La ville de Vogosca ressemble à des centaines d’autres en Bosnie-Herzégovine. Un centre-ville entouré de collines, quelques magasins, une petite station de bus vétuste. Sur la place centrale, quelques arbres et un monument érigé aux morts de la guerre.

Mais celui-ci ne commémore que les individus dont le décès a été attesté, daté, et dont la famille a pu enterrer le corps. Si leur perte reste douloureuse, celles-ci ont au moins le réconfort de la certitude.

Car il existe à Vogosca un autre type de victimes : les disparus, enlevés du jour au lendemain sans laisser de traces. Ceux dont on ne sait pas s’ils sont vivants ou morts, même si le temps écoulé laisse peu de place au doute.

 

Une blessure toujours ouverte

Ema Cekic a vu son mari Salih pour la dernière fois en 1992, avant que l’armée serbe ne le fasse disparaitre. Elle est aujourd’hui une vieille femme, mais son souvenir est intact : « La dernière fois que nous nous sommes vus, il a posé sa main sur mon épaule. Parfois je la sens encore. »

L’incertitude quant au sort des disparus maintient leurs proches dans une souffrance particulière, empêchant le processus de deuil. C’est pourquoi les disparitions forcées constituent un crime distinct des meurtres au regard du droit international.

« Tout ce que je veux, ce sont des réponses. Je me battrai jusqu’au bout pour connaître la vérité » poursuit Ema. « Je ne veux pas que mes enfants et petits-enfants portent ce poids à leur tour. Je veux qu’ils puissent tourner la page et aller de l’avant. »

 

Des roses pour se souvenir

Le mémorial des disparus de Vogosca se trouve quelques kilomètres du centre-ville. Il faut quitter la route asphaltée et s’engager sur un petit chemin pour y accéder. Un endroit serein, proche d’une petite rivière… qui cache une histoire sinistre.

« Deux corps ont été retrouvés dans cette rivière » explique Ema. « Nous pensons que d’autres corps y ont été jetés. Le 30 août, nous jetons des roses dans l’eau. C’est un hommage aux disparus, mais aussi un message aux criminels qui vivent encore parmi nous : nous savons ce qu’ils ont fait et comment ils ont disposé des corps. »

Les roses sont devenues le symbole de la mémoire parmi les familles affectées. « Nous avons planté nous-même les rosiers autour du mémorial. Nous voulions que l’endroit soit beau, puisque c’est la seule sépulture que nous pouvons offrir nos disparus. En été, quand il fait chaud, les familles viennent ensemble arroser les rosiers. Les jeunes tondent la pelouse, puis nous restons à discuter, à prendre le café. Quand nous parlons près des rosiers, c’est un peu comme si nous parlions avec les disparus. »

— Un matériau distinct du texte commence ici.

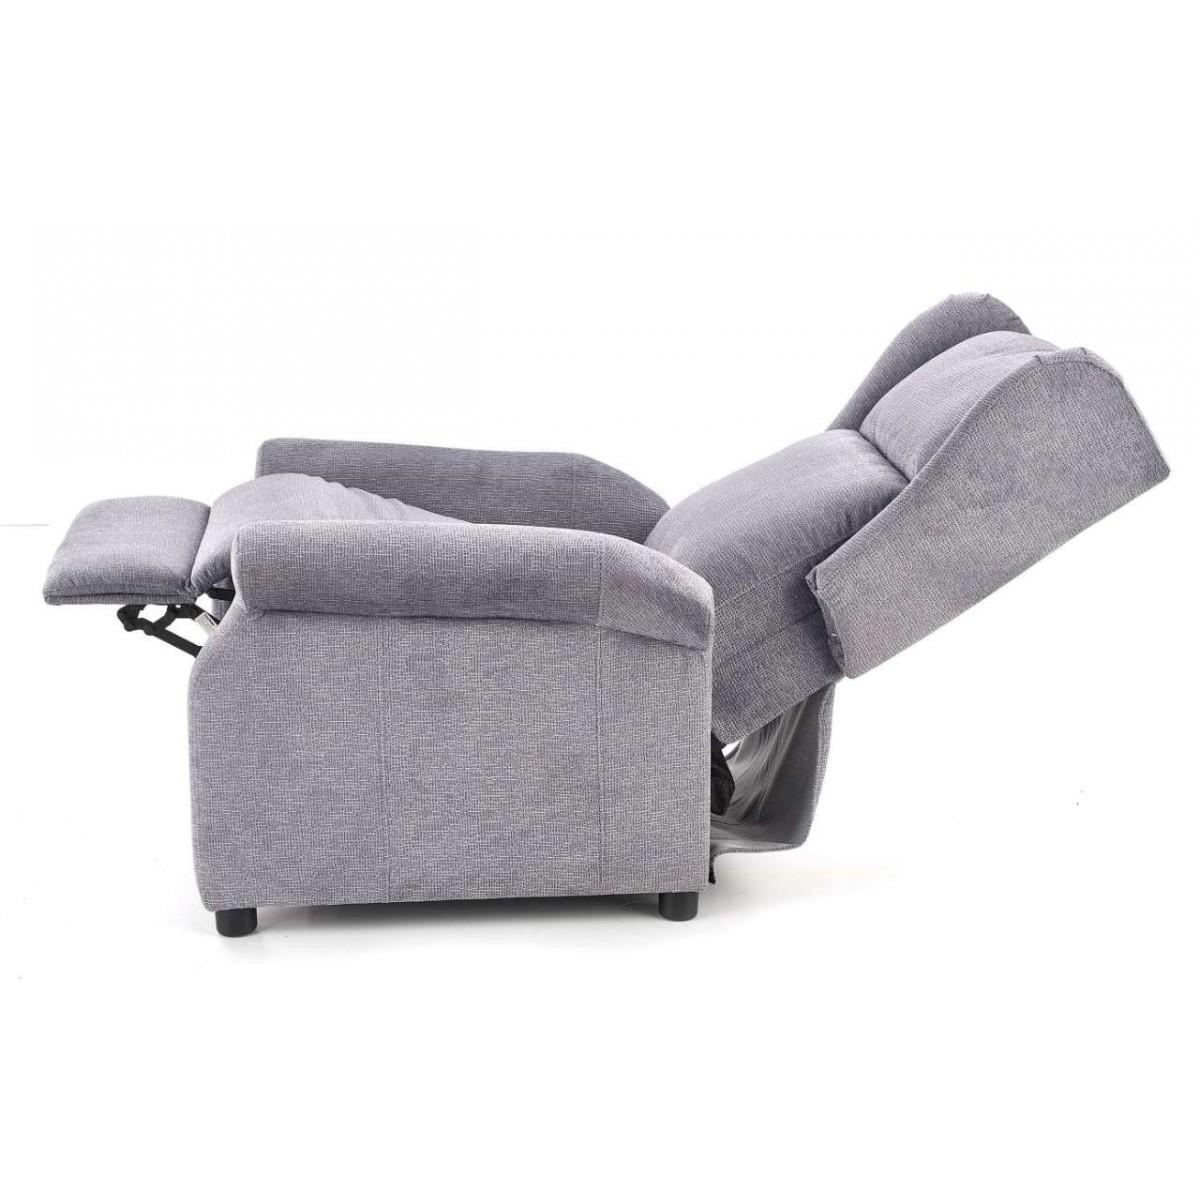 Agustin popielaty fotel rozkładany relax

Année après année, le souvenir perdure. Face à des autorités indifférentes et à une jeune génération désireuse d’oublier le conflit, Ema se sent parfois seule dans sa quête de vérité. Mais sa détermination est inébranlable : « Tous les jours, je me lève en espérant retrouver mon mari. C’est mon seul espoir dans la vie. Je ne vis que pour le jour où je le retrouverai et lui offrirai de vraies funérailles. »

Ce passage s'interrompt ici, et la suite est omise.